Holy Hell

Holy Hell is a documentary chronicling the gathering and dispersement of a group of cult members under the power of a guru from the mid-1980s until the mid-2000s. The film alternates between footage shot by the film’s director, Will Allen, during his time in the cult and present-day interviews with other cult members who, like Allen, are now free. Though the film begins a little cheezy—conceivably to capture the loopy spirit of the yuppie 1980s out of which the cult arose—it quickly becomes a much richer film that captures both the heights (the “holy”) and depths (the  “hell”) of being involved in this community for the freed members.

Most remarkably, this group of people does not seem like the kind of people who get sucked into a cult. They are all intelligent and appear to be well-adjusted. As one of the former members told me after the film, “Well, that’s who we are now.” One of the film’s points is that everyone searches for meaning, purpose, and community, and that makes people vulnerable to this kind of abuse. Holy Hell wants us to be vigilant to not be sublimated by similarly narcissistic and abusive personalities. “Cults are everywhere,” one interviewee says in the film. Holy Hell doesn’t want you to forget it.

The leader of this cult—he goes by many names over the years out of a growing sense of paranoia—is a strange character. From a distance, there is nothing attractive about him at all. He’s obviously disturbed. That anyone could ever invest so much of their own hopes and dreams in him, is hard to believe. But people did and many still do. (He currently has a group gathered around him in Hawaii.) But all of us have insecurities and emotional needs. Abusive personalities like this cult leader encourage those insecurities and create a climate of secrecy that forbids followers from talking to each other about what it going on in their own lives. He made himself the source of their emotional, mental, and spiritual heath. To leave was to invite death. 120 of the 150 members of the group were finally freed when they began to tell the truth to each other about the mental and sexual abuse that had been ongoing for decades.

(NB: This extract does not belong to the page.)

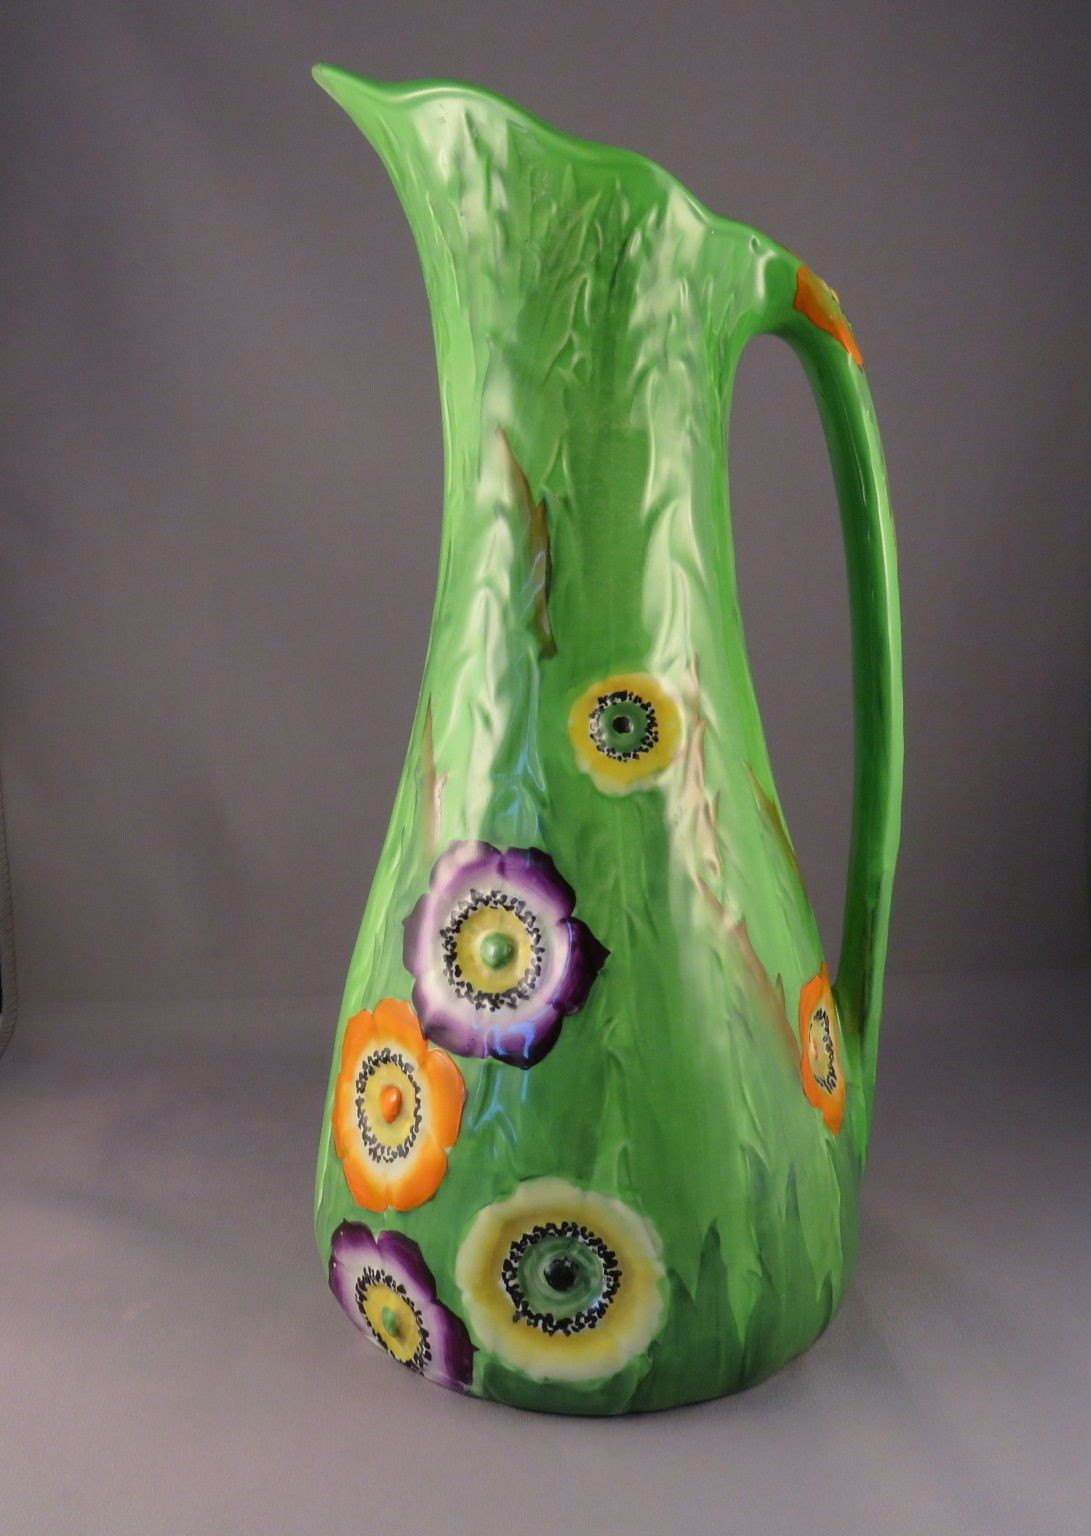 30 Amazing Carlton Ware Vase 2024 free download carlton ware vase of carlton ware green anemone jug in pottery porcelain glass pertaining to carlton ware green anemone jug in pottery porcelain glass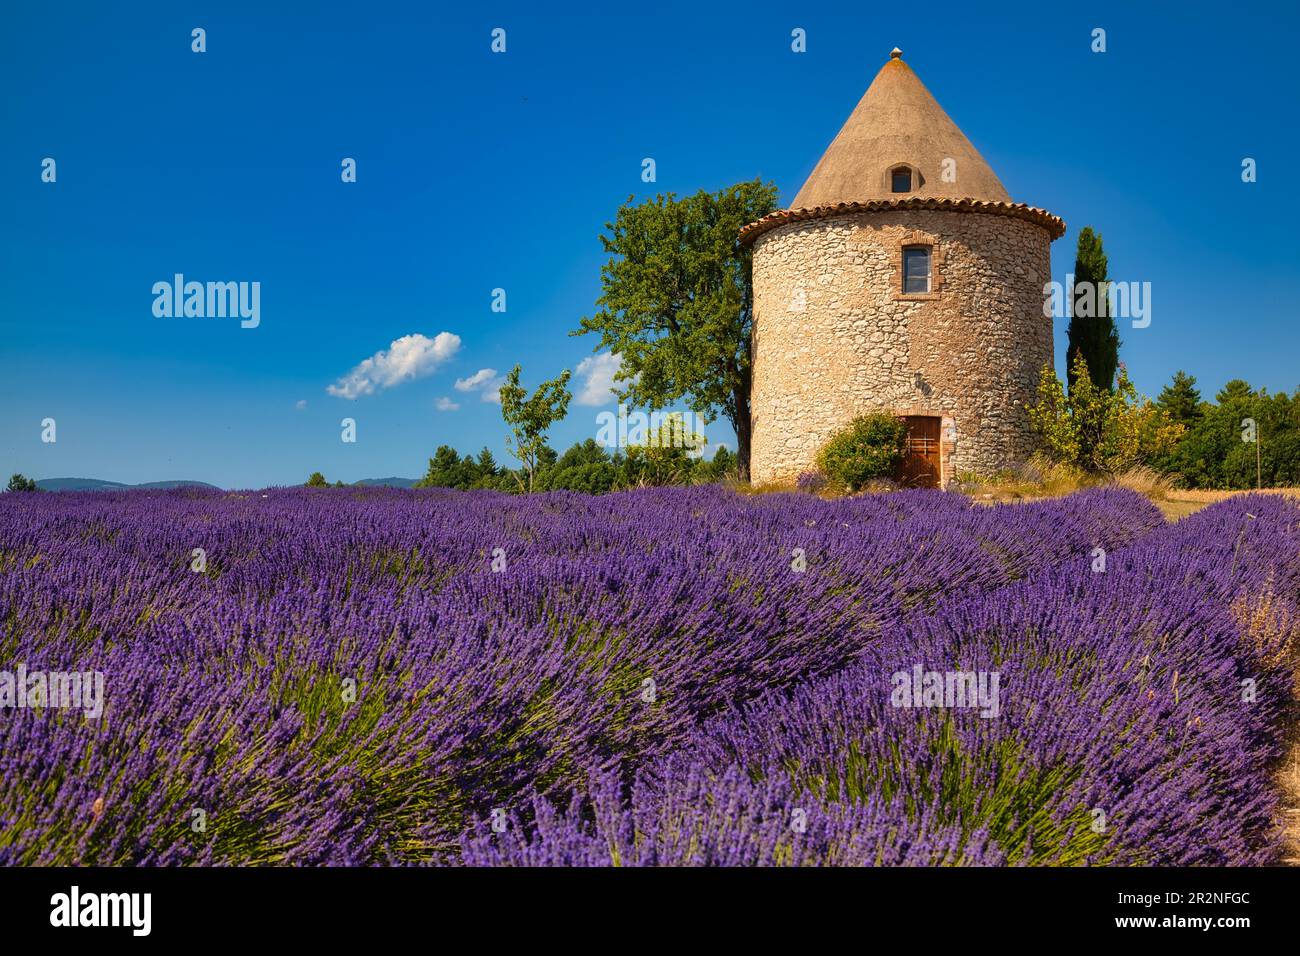 Tour sur le champ de lavande, Luberon, Département du Vaucluse dans la région Provence-Alpes-Côte d'Azur, Provence, France Banque D'Images

Shockingly, these women and men who were able to break loose from the cult are not mired in cynicism. They are generous, open, and forgiving individuals. They realize that everyone else was being smothered by the same lies. They’ve forgiven each other for the ways they helped keep each other in the cult for so many years. They don’t have anything positive to say about their abuser—nor should they—but they are only supportive of each other. That communal support was what drew them into the group in the first place. It continues to be a source of life for them. Many of them are oddly grateful for the time they spent in the cult even as they despair of what it cost them. Almost none of them have children, for example, because they spent their child-bearing years in the cult where sexual activity was forbidden.

Films like this always circle around the cult leader. That’s natural, I suppose, since the leader is the one around whom the life of cult circled as well. And while we get to know the cult members, we never get to know the leader. He remains a mystery. I would love to see a documentary one day about a cult leader in which we actually learn what drives him. Perhaps that could only happen if a cult leader somehow realizes the error of his ways and abandons his own cult.

For the rest of us not involved in a cult, Holy Hell provides an example of the kinds of things we need to watch for in our own institutions and personal religious lives. There should be transparency in every institution. No one but God is due our worship. The people next to us and below us are more important to our health than the people above us. In all things, we should look out for one another rather than seeking our own fulfillment. In that way we avoid the hell and find the holy instead.